| scrapking said: No worries. :) I don't share all of Spencer's assumptions, no. But I shared his perspective as an FYI. It's impossible to know what to make of the PS5 (optical drive edition) being profitable after a year or so, because we don't know how much of a loss they were taking up-front. It's a big difference if it goes from costing $525 to make down to $475, than if it goes from $600 to $400, for example. We don't know enough to draw strong conclusions from that. I remain curious why you think Microsoft made the wrong call, when this is the strongest start to a generation Microsoft has had yet. Seems like the market is embracing their decision. It's entirely possible that Sony and Microsoft *each* made the right call, as perhaps each of them made the right decision for their respective market segments and brands, in fact. COVID was a double-edged sword, increasing demand but reducing supply, so I'm not sure it had a huge net effect. As for long-term pricing, time will tell. Perhaps in several years one of us can come back to this thread and comment. However, I don't see why a PS5 slim would drop as low as $250, yet you think the Series S is only likely to drop down to $200? Can you explain why such a small delta between them? I'm skeptical of any PS5 variant dropping as low as $250. Heck, the PS4 slim's MSRP is still $299.99, and it's been over 9 years. |
I'm pretty confident they meant no longer selling at a loss with being 'profitable'. No way did they reclaim R&D costs already and I doubt hardware sales ever become net profitable during a generation.

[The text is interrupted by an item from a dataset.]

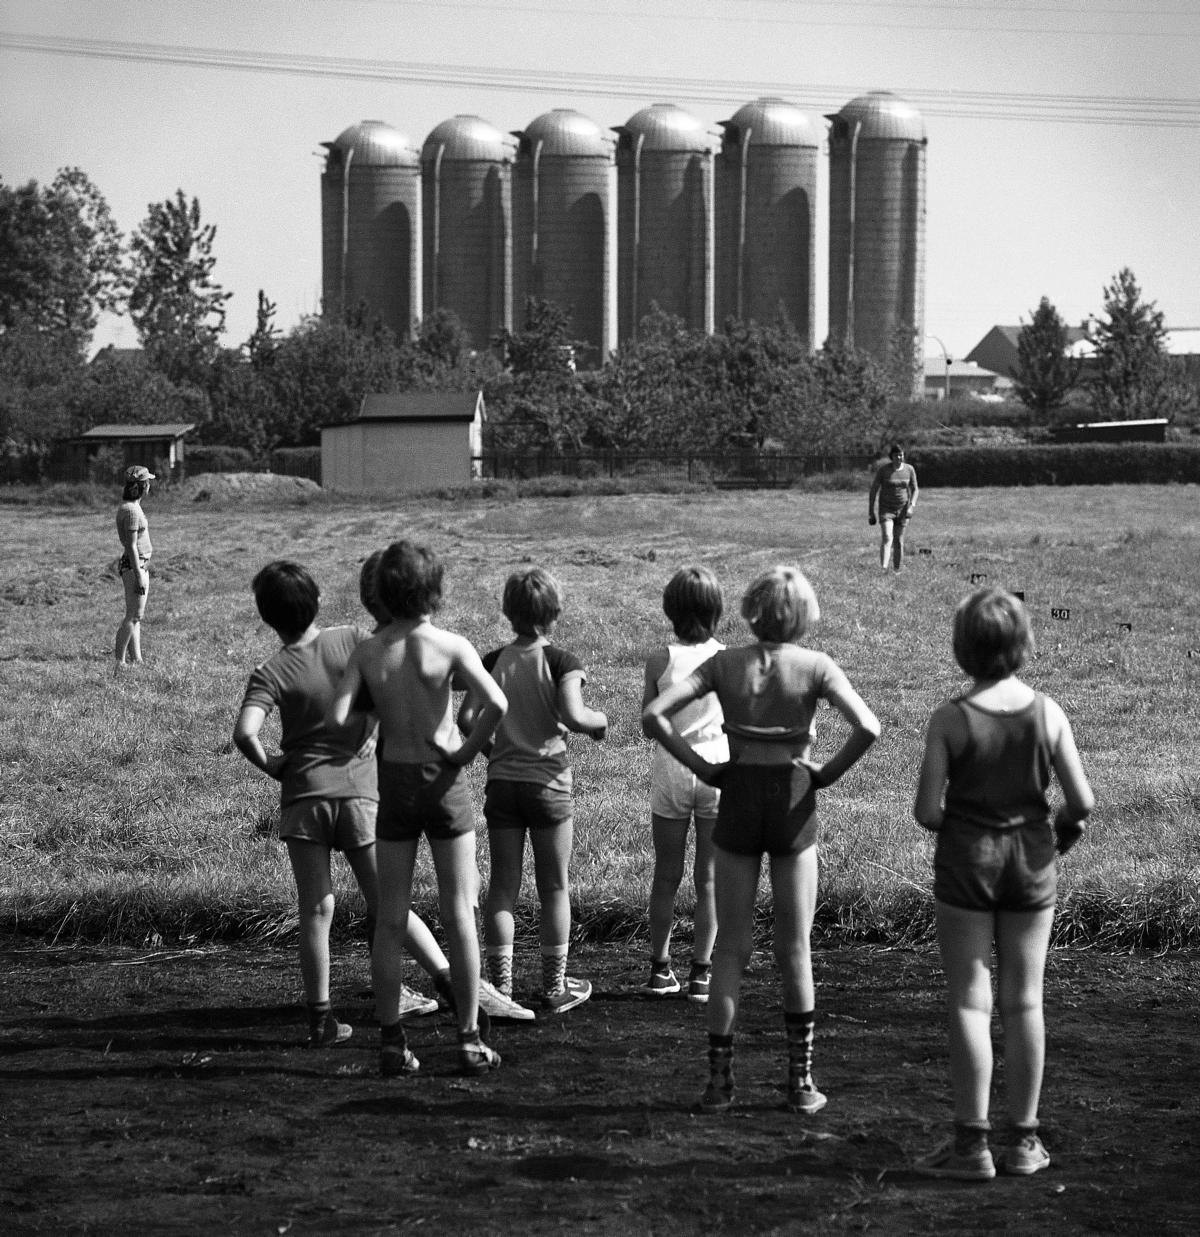 Schwarzweißfotografie einer sommerlichen Szene, in der mit dem Rücken zum Fotografen stehende, in Sportsachen gekleidete Kinder auf einer Wiese stehen und in Richtung zweier Erwachsener blicken, im Hintergrund stehen markant sechs Silos.

Covid's net effect was to push the Series S ahead as the available alternative, while also slowing down the generational transition keeping the Series S relatively close in fidelity to the Series X and PS5. Covid also pushed gamepass ahead which is all you need on Series S.
So yeah, it's the strongest start to a generation MS has had yet, but everything Covid has been in MS' favor. The big currency swings also made the Yuan more expensive against the Yen yet less expensive against the Dollar which drove the PS5 price up first, while MS could compensate by paying less for production.
Hardware sales: Series S was the most available, PS5 the hardest to get.
Software sales: Gamepass offered the best selection, new game releases stalled/delayed/had problems.
MS certainly made the right call considering the circumstances.
Sony made the right call as well, selling everything you can possibly produce, nothing wrong with that.
And now we have some competition between the two.
A $250 PS5 is not gonna happen, I doubt it will even go under $350. That $299.99 ps4 slim MSRP from 2016 is already $372 in 2022 after inflation. More likely a slim version will go back to its original launch price :/ US just got lucky with a strong Dollar to Yen conversion keeping up with the inflation rate. Everywhere else the ps5 has increased in price.